Note: if you are only interested in the coding stuff feel free to skip to the end of this article where you will find all the notebooks, tools and references used for this project.

Note 2: I’m super happy to announce that this article has been republished by the Medium Publication ‘Towards Data Science’! Feel free to check it out here!

Data Retrieval

In order to get access to Spotify’s platform, you need to create an account at developer.spotify.com. After that you can directly go to the Spotify Web API Console and start exploring the different API endpoints with an easy-to-use interface without the need for any Jupyter notebooks at all!

Essentially, APIs work on a request/response basis. You ask the API about tracks from the golden years of 2010-2012 and the API responds with some of the best songs of our generation such as this gem. However, since the communication with the API is done in a machine-readable format such as JSON, you will want to use a programming language to do this. That is, if you want to make use of the millions of rows of music data available in the Spotify catalogue.

Since I’m using Python, there is a very nice library called Spotipy which makes the process of accessing the Spotify API a lot easier.
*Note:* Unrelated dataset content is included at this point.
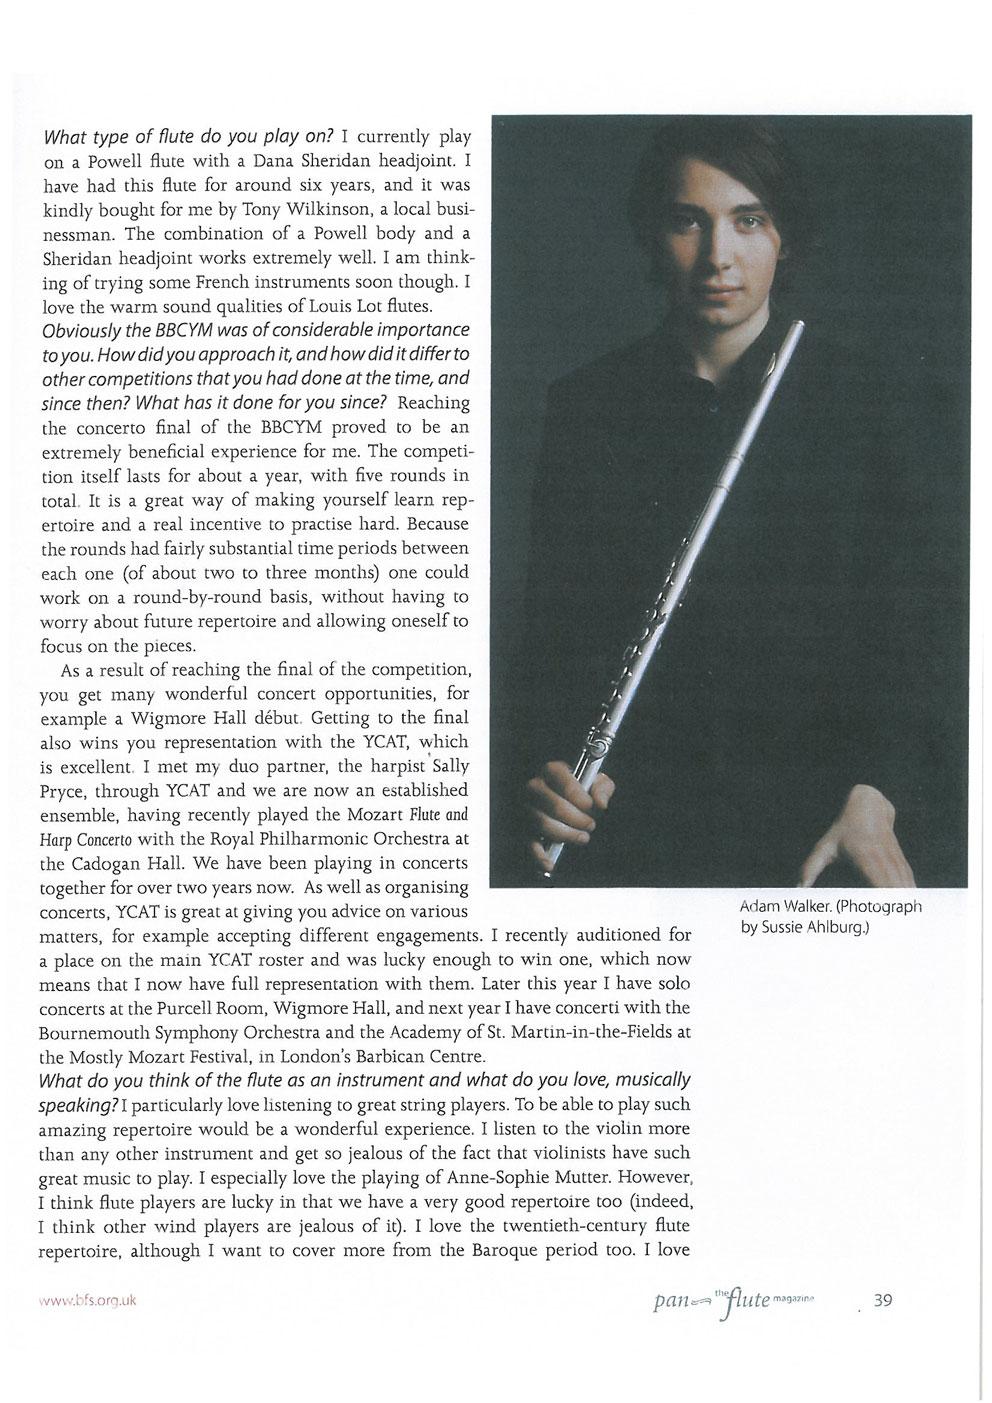 Interview, 2007, Pan, p3

Once you installed Spotipy, the below code is sufficient to get it up and running (use your own cid and secret from your Spotify developer account):

import spotipy
from spotipy.oauth2 import SpotifyClientCredentials

cid ="xx" 
secret = "xx"

client_credentials_manager = SpotifyClientCredentials(client_id=cid, client_secret=secret)
sp = spotipy.Spotify(client_credentials_manager=client_credentials_manager)

Now you can start with the actual data retrieval. By looking at the different endpoints of the Spotify API you might ask yourself: what data should I get?

This is where you need to start digging and finding out what may be interesting for you. In this example, I used only 2 out of the 50+ endpoints availabe. You might find some other endpoints also useful for your analysis.

I knew that I wanted to work with track data. That’s why I used the search endpoint (not the get several tracks endpoint since that one requires track IDs to be provided which I didn’t have).

The search endpoint is fairly easy to use as there are only 2 required parameters: q and type. The first one can be any keyword such as ‘roadhouse blues’ or ‘2018’. The type can be album , artist, playlist or track.

There are also a couple of limitations with this endpoint:

  • limit: a maximum of 50 results can be returned per query
  • offset: this is the index of the first result to return, so if you want to get the results with the index 50-100 you will need to set the offset to 50 etc.

Also the maximum offset is limited to 10.000 which means that you can’t get more results than that for a single search. Fun fact: when I first did the data retrieval (end of April 2018) the maximum offset was 100.000. Hopefully, I was not the reason why they decided to cut it down :)

In order to work around the limitations I used a nested for loop where I increased the offset by 50 in the outer loop until the maxium offset was reached. The inner for loop did the actual querying while appending the returned results to lists.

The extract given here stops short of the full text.